*AIM OF THE TASK*: Leave the pictures in the listing below aside and reproduce exactly the lines starting with the one with "Clipart backpack hang" and going on through the one with "редизайн сайта евро-тент екатеринбург", both ends included.

*DATA SECTION*:

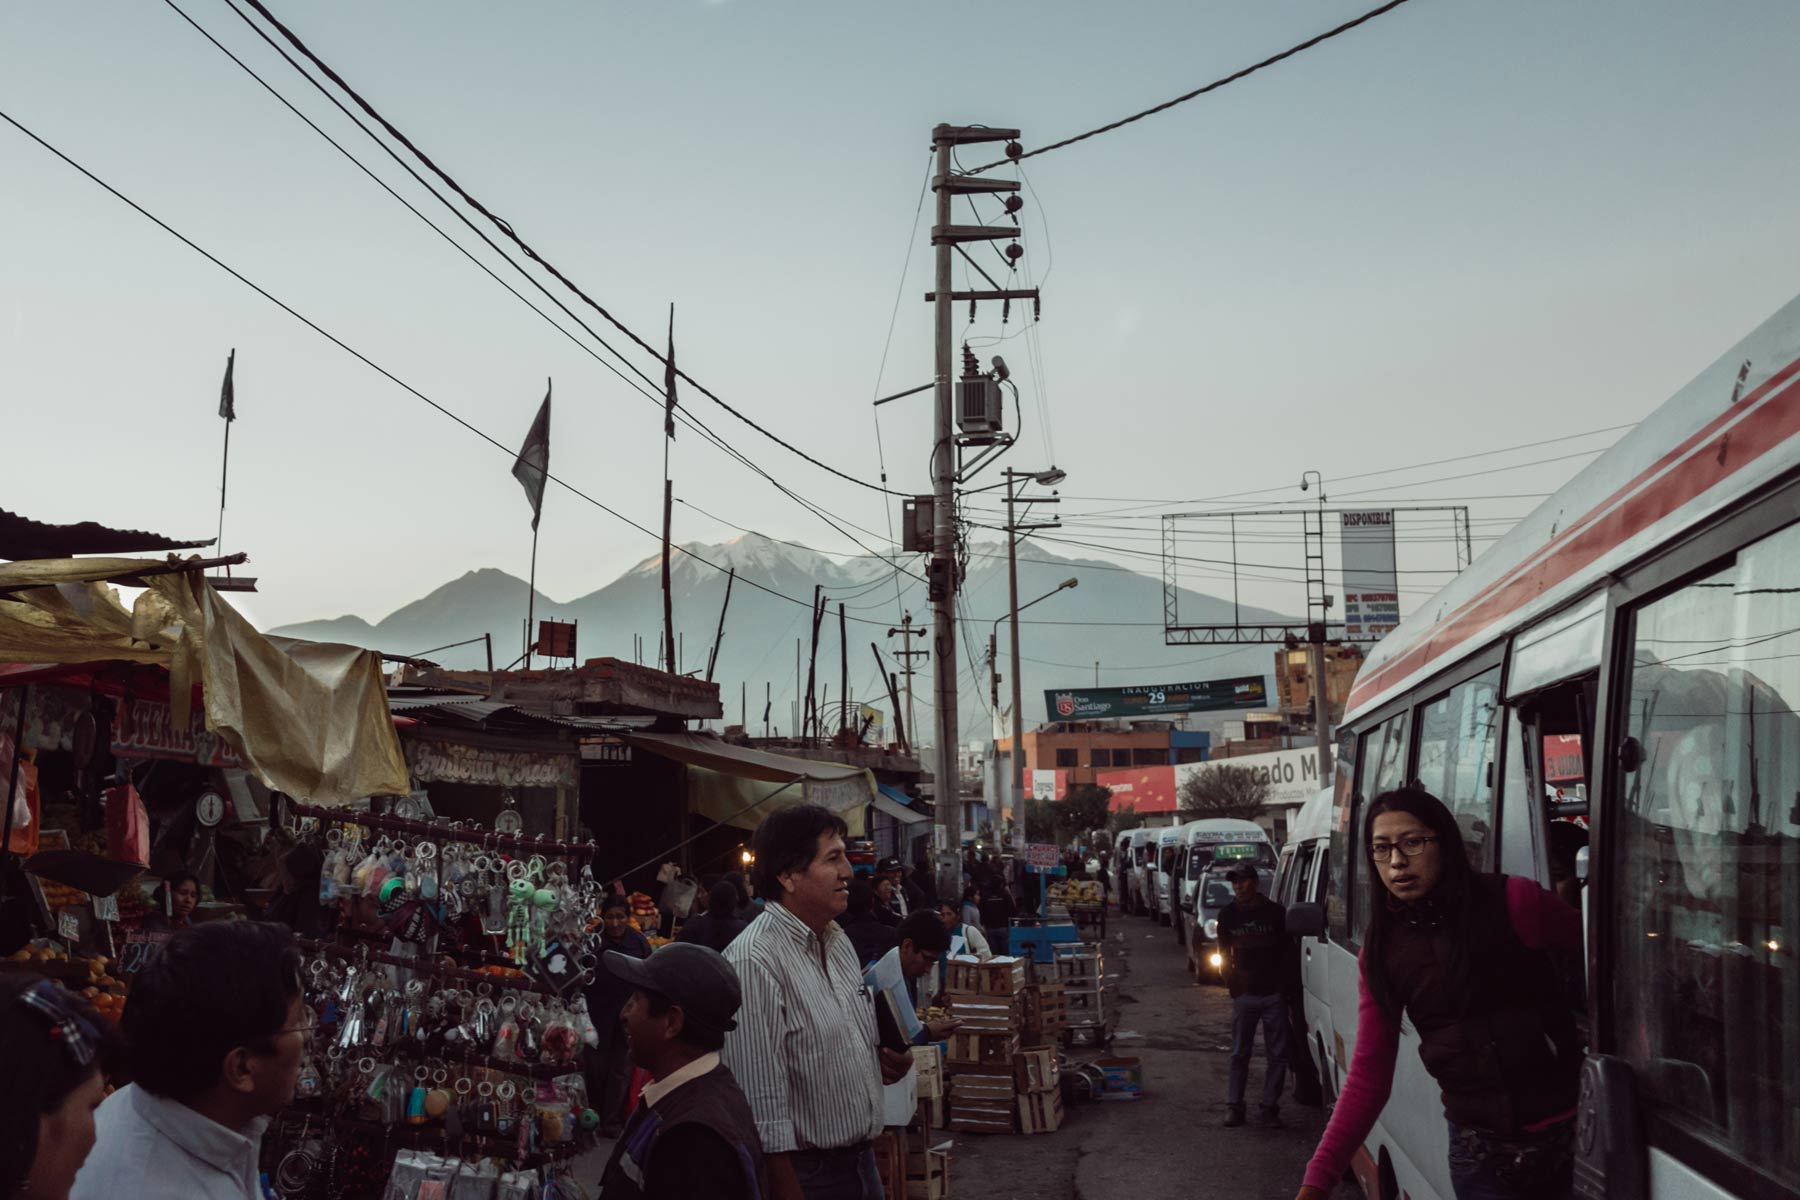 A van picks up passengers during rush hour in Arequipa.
* * *
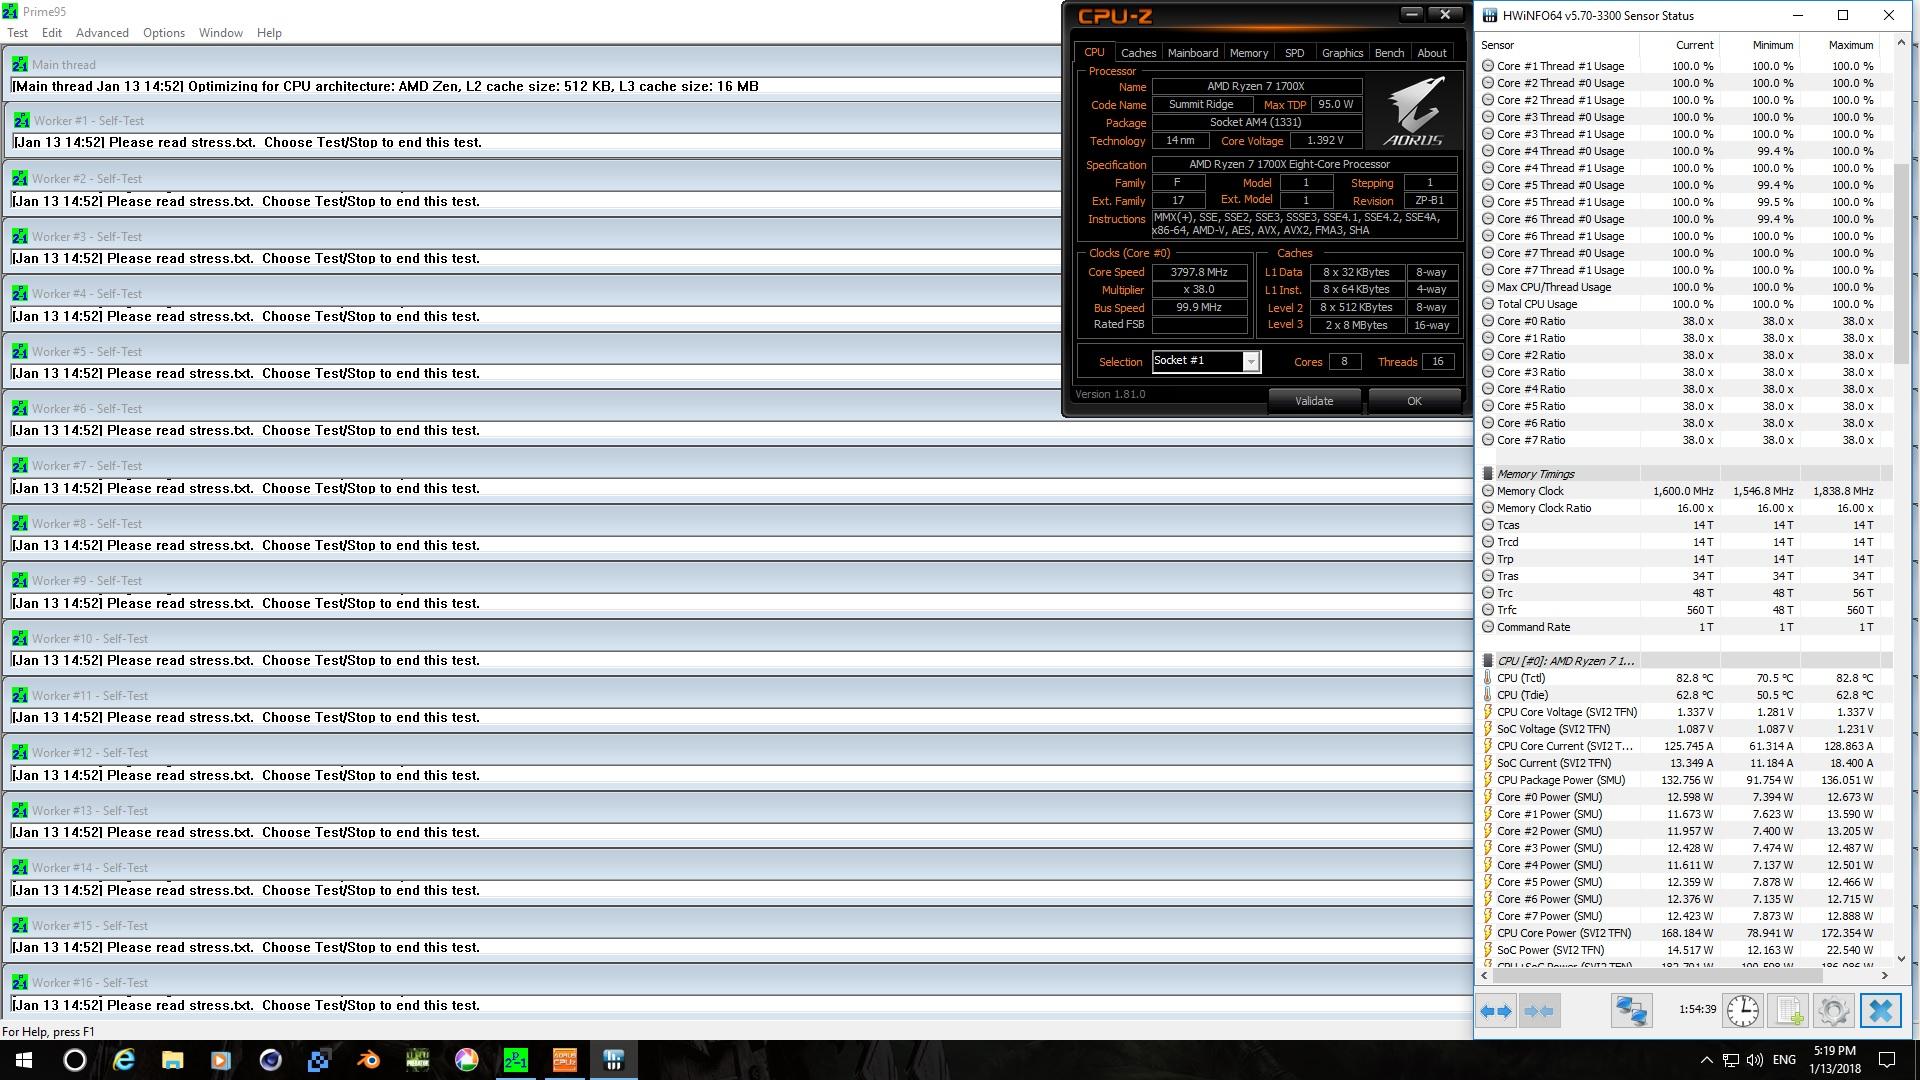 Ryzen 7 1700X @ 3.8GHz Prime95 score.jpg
---
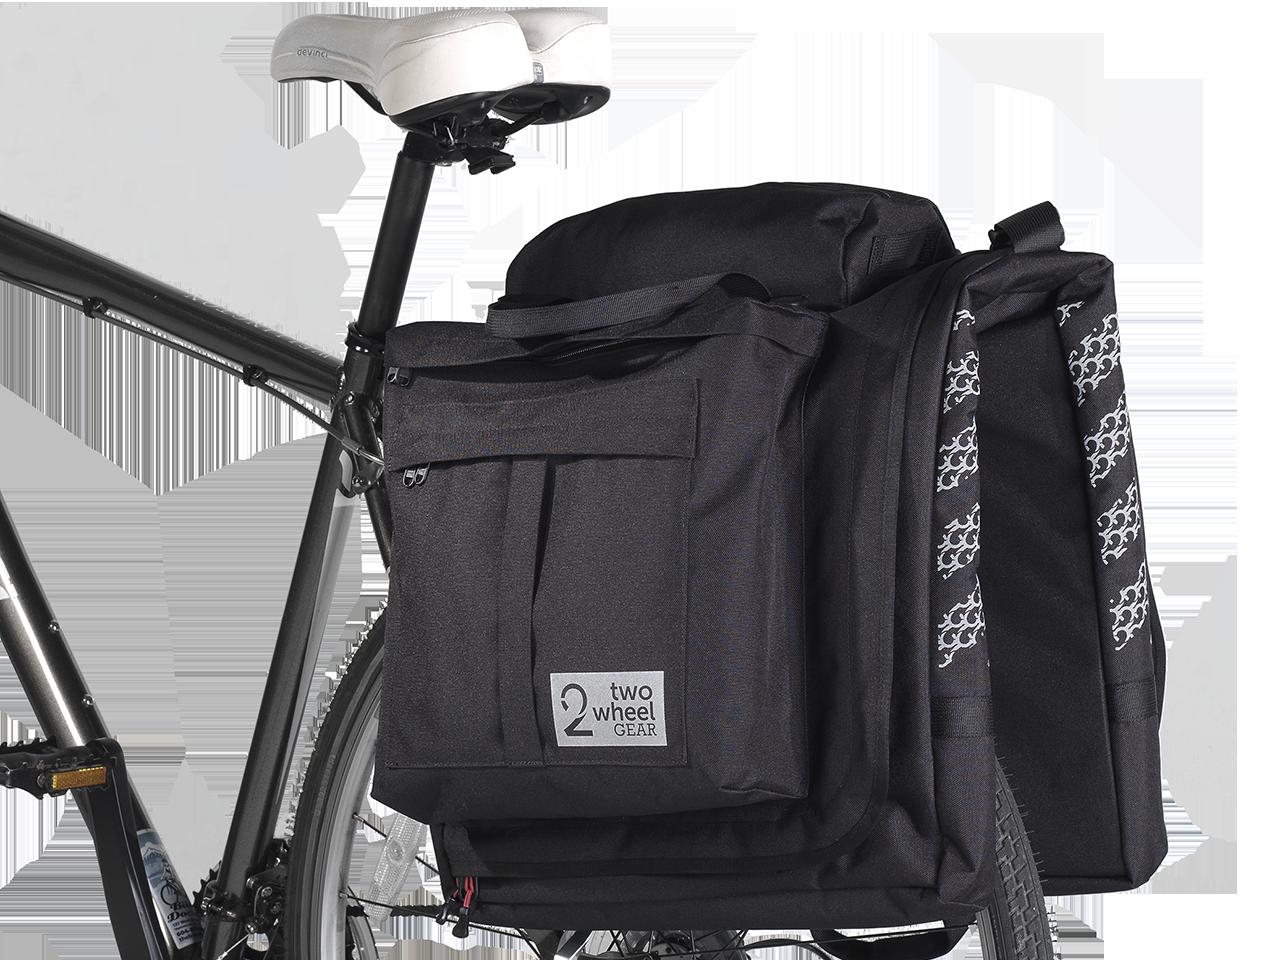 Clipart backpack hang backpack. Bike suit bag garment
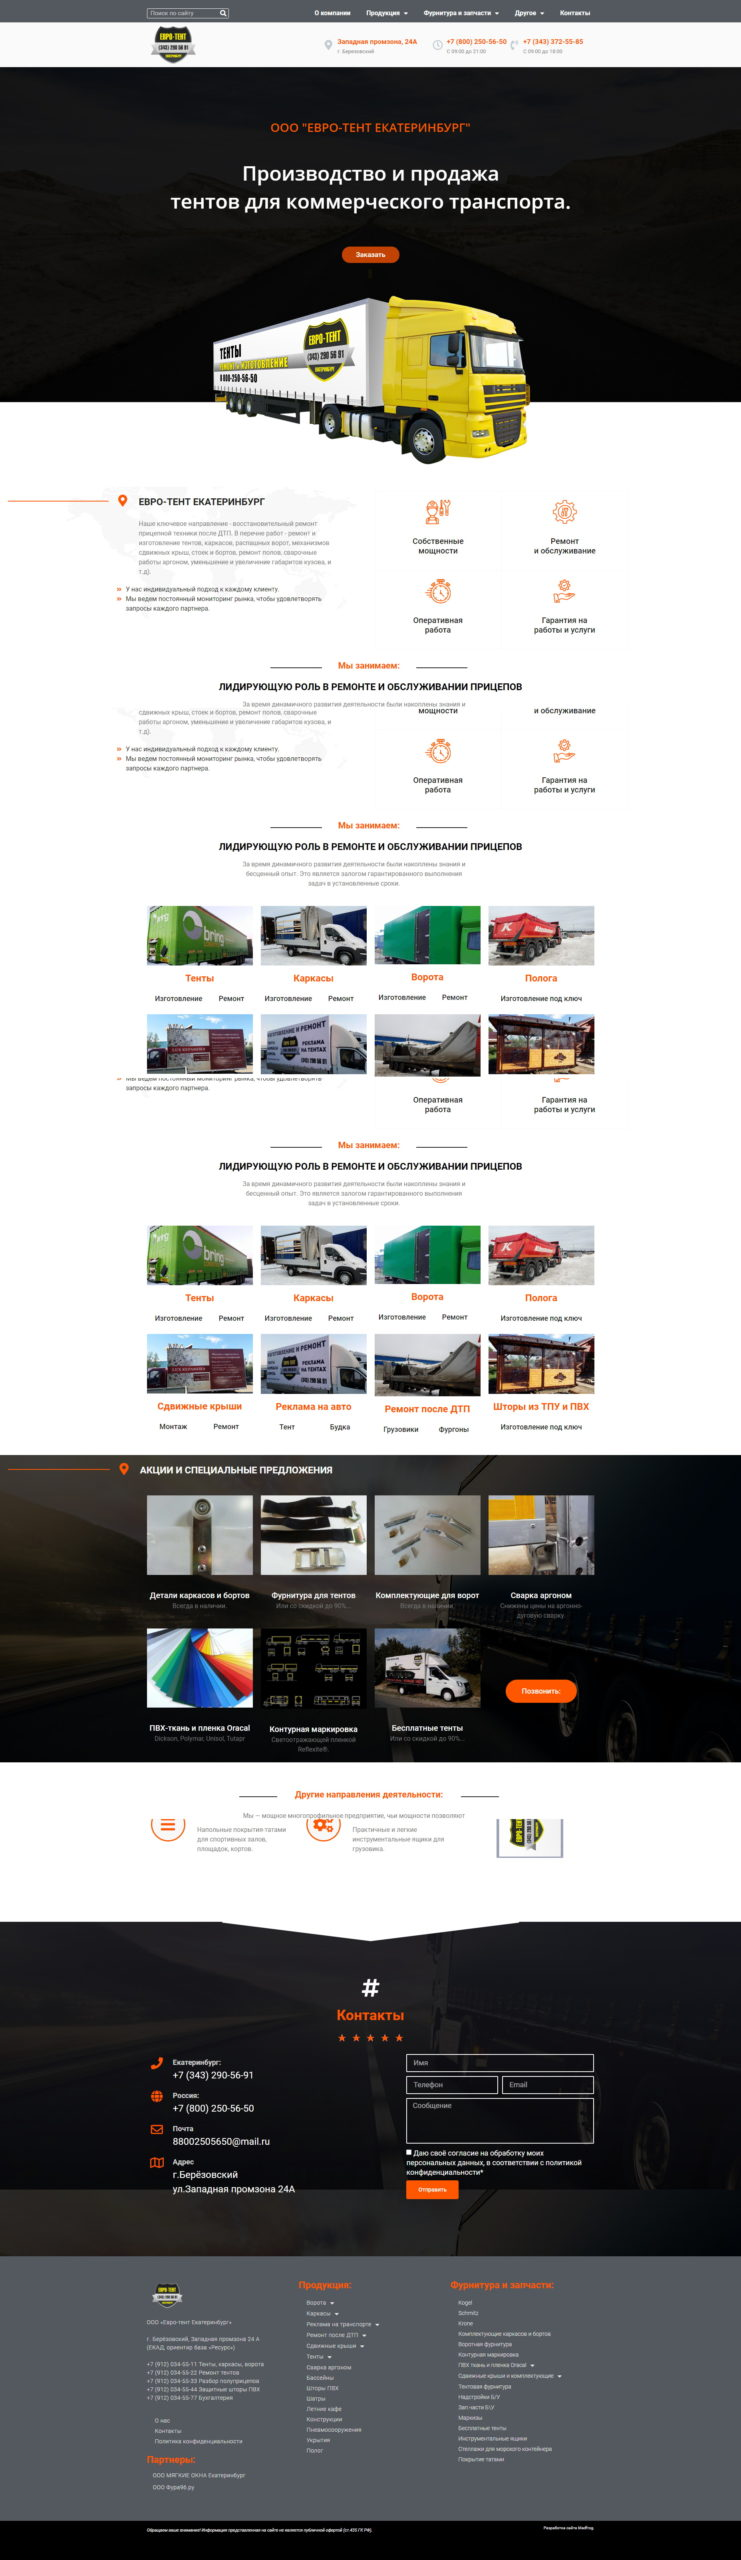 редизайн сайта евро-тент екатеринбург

*COMPLETED EXERCISE*:
 Clipart backpack hang backpack. Bike suit bag garment
 редизайн сайта евро-тент екатеринбург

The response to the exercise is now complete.